France Football reported that the bad blood between the pair came to a head after PSG threw away a 4-0 first-leg lead to lose to Barcelona in the 2016-17 Champions League, with Ben Arfa reportedly telling the manager he would never pass the quarter-finals of the competition “even with the best team in the world”.
Ben Arfa was an unused substitute for the 6-1 loss at Camp Nou, and a late appearance from the bench in Ligue 1 four days later would end up being his last game for the club.
In April 2018, still on PSG’s books but no closer to another appearance, he celebrated a year out of the side by buying a cake and lighting a single candle - the behaviour of a player who, for all his talent, knew he no longer had to worry about his manager’s opinions.
Since leaving Paris in 2018, Ben Arfa has had ups and downs in France and Spain, famously laughing at old foe Emery while playing against the Spaniard’s Arsenal side for Rennes but also suffering a couple of false starts with Valladolid and Bordeaux.
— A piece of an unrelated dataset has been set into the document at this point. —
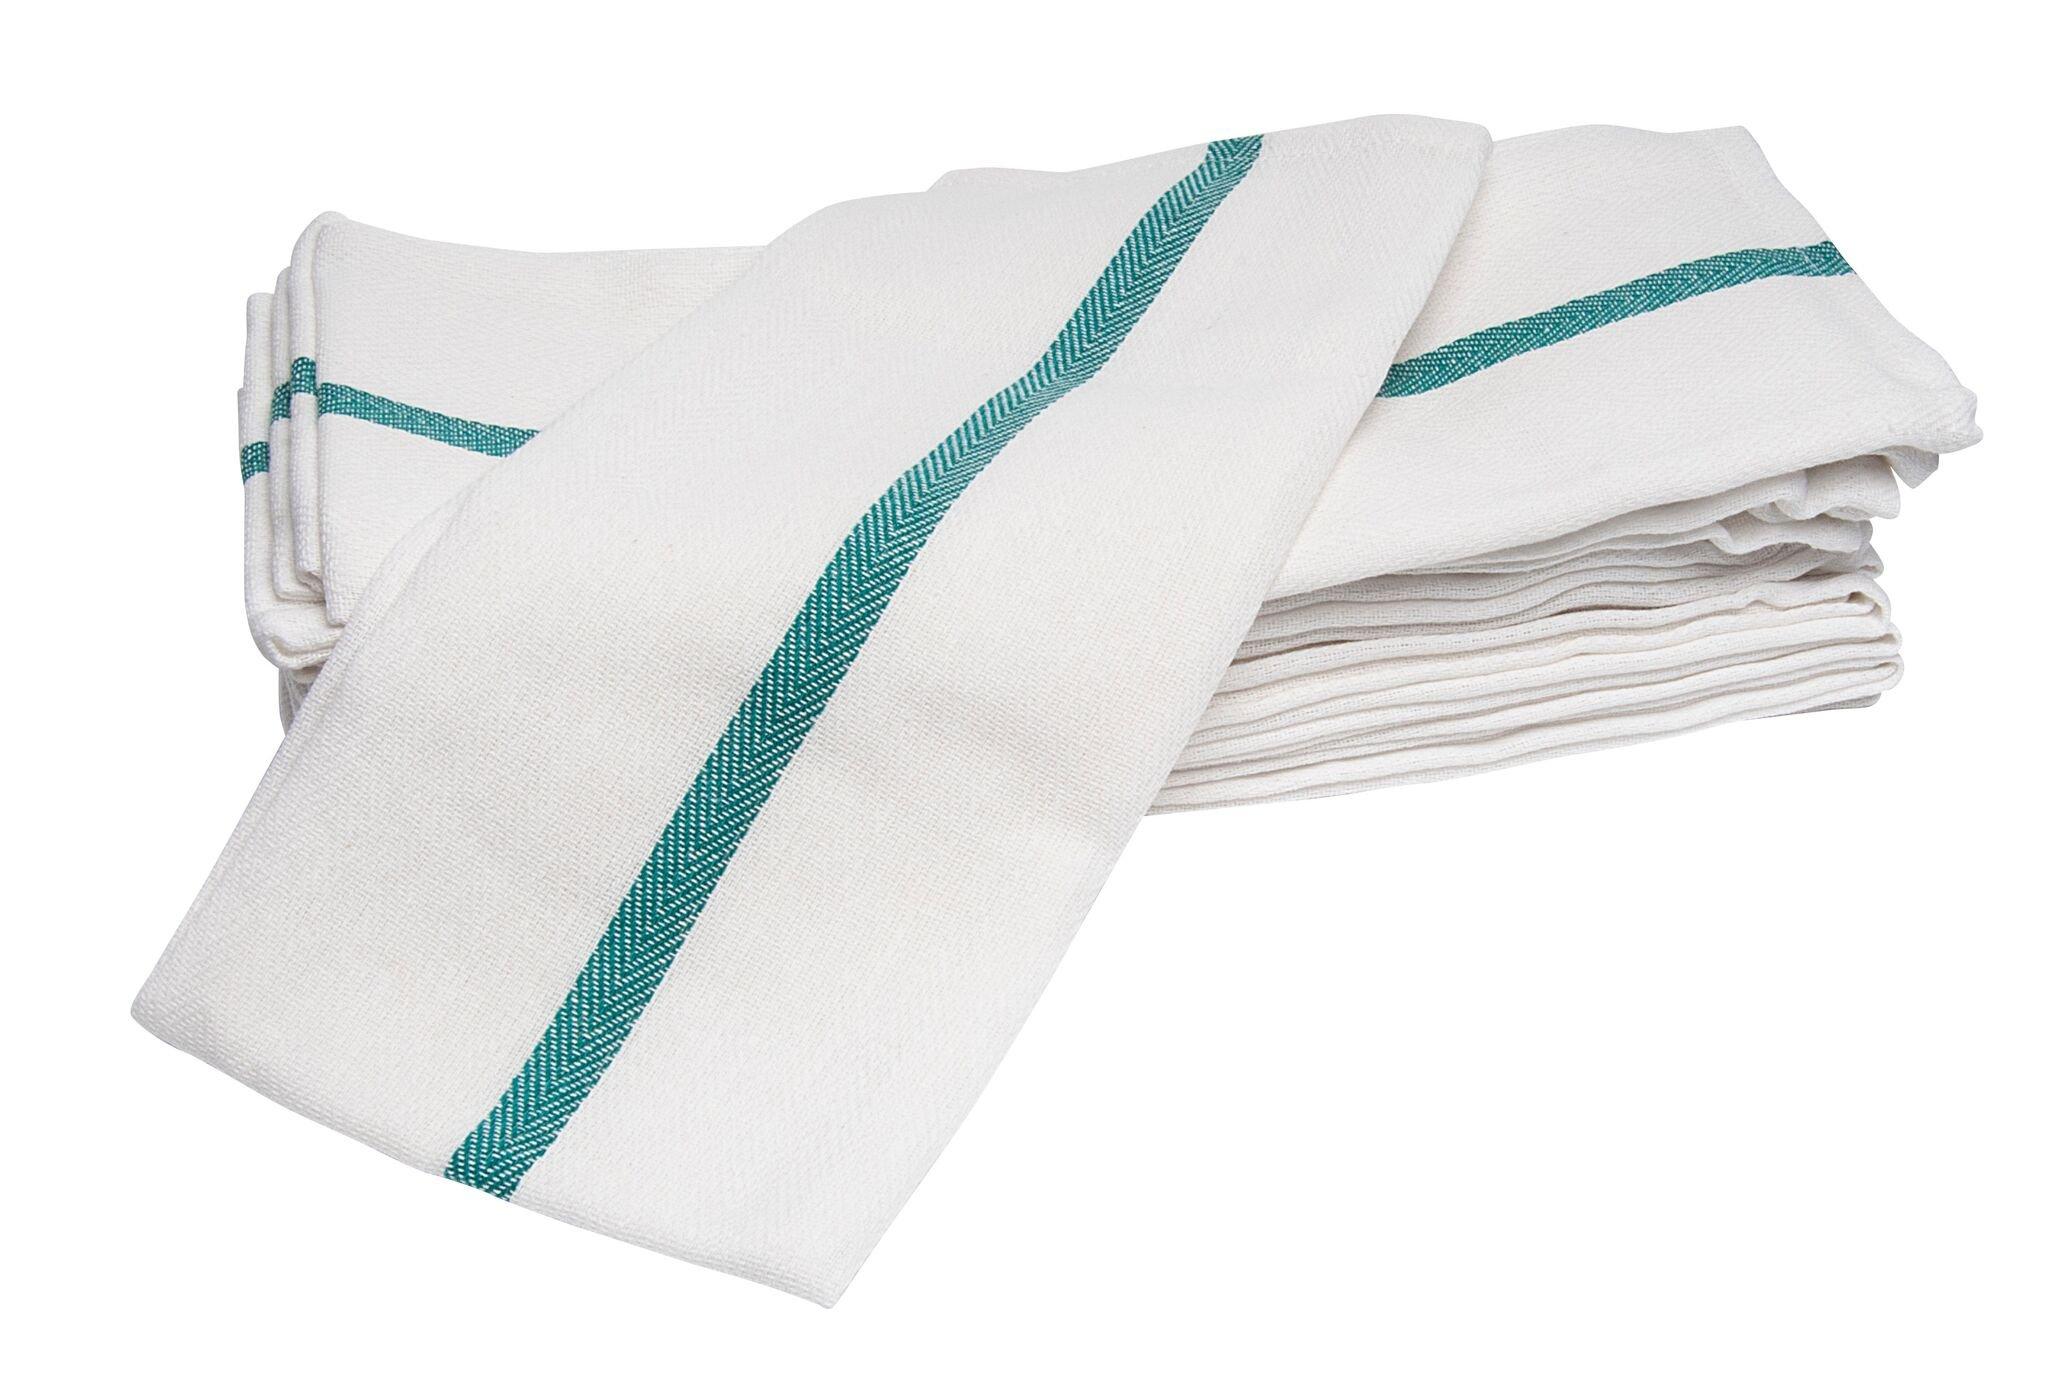 Diane DET005 Barber Towel, White by Diane

After being linked with a move to his father’s homeland Tunisia over the summer, the veteran was instead handed a Champions League chance with Lille, joining the Ligue 1 side in January and coming off the bench in their last-16 defeat against Chelsea.
If the latest short-term deal doesn’t lead to anything more, we’re left with the question of how people will look back on Hatem Ben Arfa’s career.
At his best, he had few equals, but plenty will consider him a wasted talent in a way they might not if all we had in front of us was the highlight reel.
That’s not how Puel saw him, though, and we’ll give the last word to the manager who arguably unlocked the version of Ben Arfa we hoped we’d see for much longer.
“I met a calm person, who loved football,” Puel said in 2020 .
“He followed other games, he had ideas about the game. I found him to be a peaceful person, contrary to the image people are given about him: unmanageable, hostile.
“I didn’t see somebody who was messed up, that’s the most important thing.”